FIG. 11 illustrates a cross-sectional side view of a lower completion installation in the lateral wellbore 128 and tubular string 540. For example, one or more completion features such as a plurality of screens, liners, or any suitable completion feature may be run-in-hole and installed in a lower portion of the lateral wellbore 128 and tubular string 540. Here, a lateral liner hanger 575 is used in addition to a lateral screen completion 585. As shown, the millable joint 525 contains a sidewall 560 which is positioned near the central axis of the main wellbore 122. The millable joint 525 may be shaped so that a portion of the millable joint 525 is within the main wellbore 122 while an opposing portion is within the lateral wellbore 128. The portion that is within the main wellbore 122 should contain the sidewall 560. The sidewall 560 is also near the opening for the lateral wellbore 128.



FIG. 12 illustrates a cross-sectional side view of a cutting assembly 420 disposed within a cutting guide 700 for directing the cutting assembly 400 to regain access to the main wellbore arca downhole once construction of the lateral wellbore section(s) are complete. In particular, the cutting guide 700 is configured to direct the cutting assembly 400 to engage and cut through a sidewall 560 of the millable joint 525. The sidewall 560 may be aligned with the base deflector such that the cutting through the sidewall 560 of the millable joint 525, via the cutting assembly 400, may open a fluid path between the millable joint 525 and the deflector assembly 250.

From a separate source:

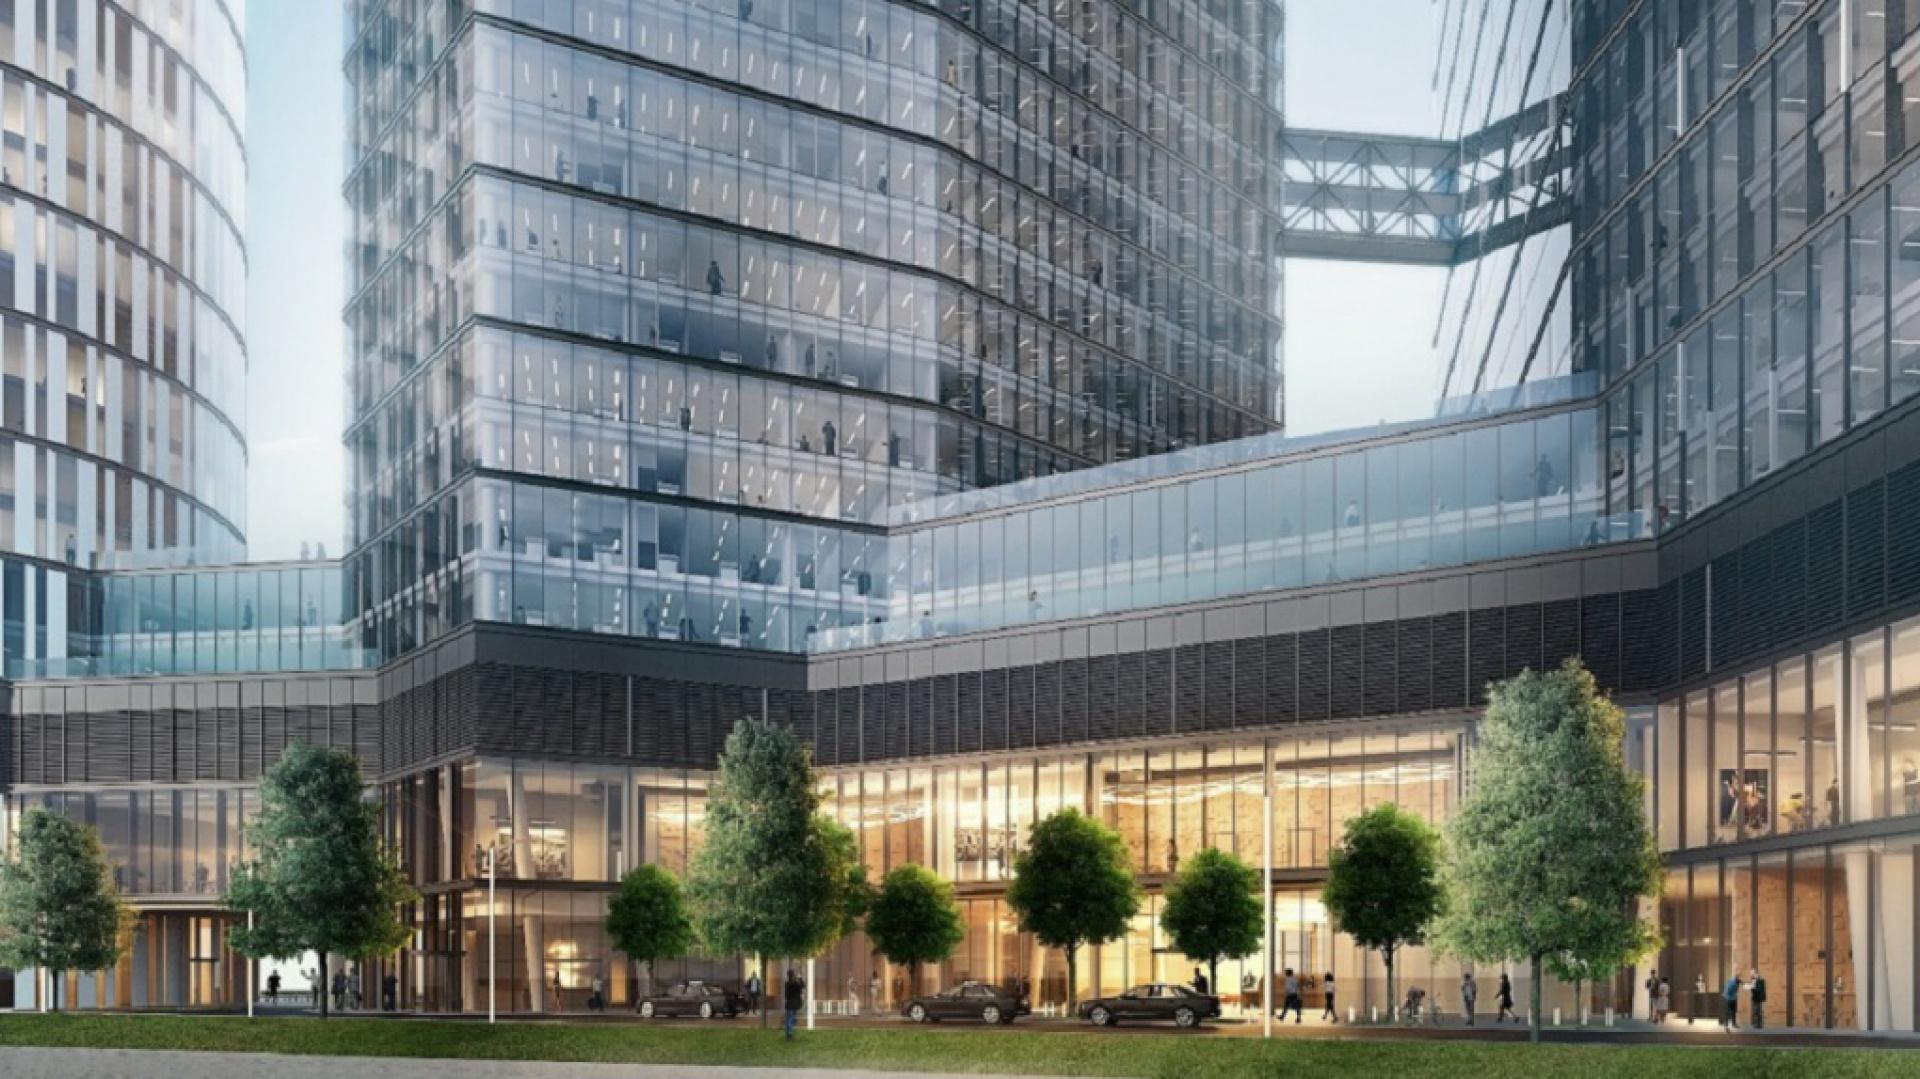 The Warsaw HUB to kompleks łączący w sobie wszystkie funkcje niezbędne do działania nowoczesnych korporacji oraz start-upów. Na powierzchni 113 tys. mkw. znajdą się najwyższej klasy przestrzenie biurowe, a także centrum konferencyjne oraz 3- i 4-gwiazdkowy hotel.

Moreover, as depicted, a hydraulic locking tool 390 and a cutting assembly 400 may be disposed on a work string 800. Further, during installation of the cutting guide 700, the hydraulic locking tool 390 may be detachably secured to a cutting guide 700 such that the hydraulic locking tool 390, the cutting assembly 400, and the cutting guide 700 may be run-in-hole together. The cutting guide 700 may include at least one slot or feature formed in the inner surface of the cutting guide 700. The hydraulic locking tool 390 may include at least one locking feature 315 (e.g., radial piston, etc.) configured to expand into the at least one slot or feature of the cutting guide 700 in the engaged position. Contact between the locking feature 315 and the at least one slot or feature may secure the hydraulic locking tool 390 to the cutting guide 700 in a locking position.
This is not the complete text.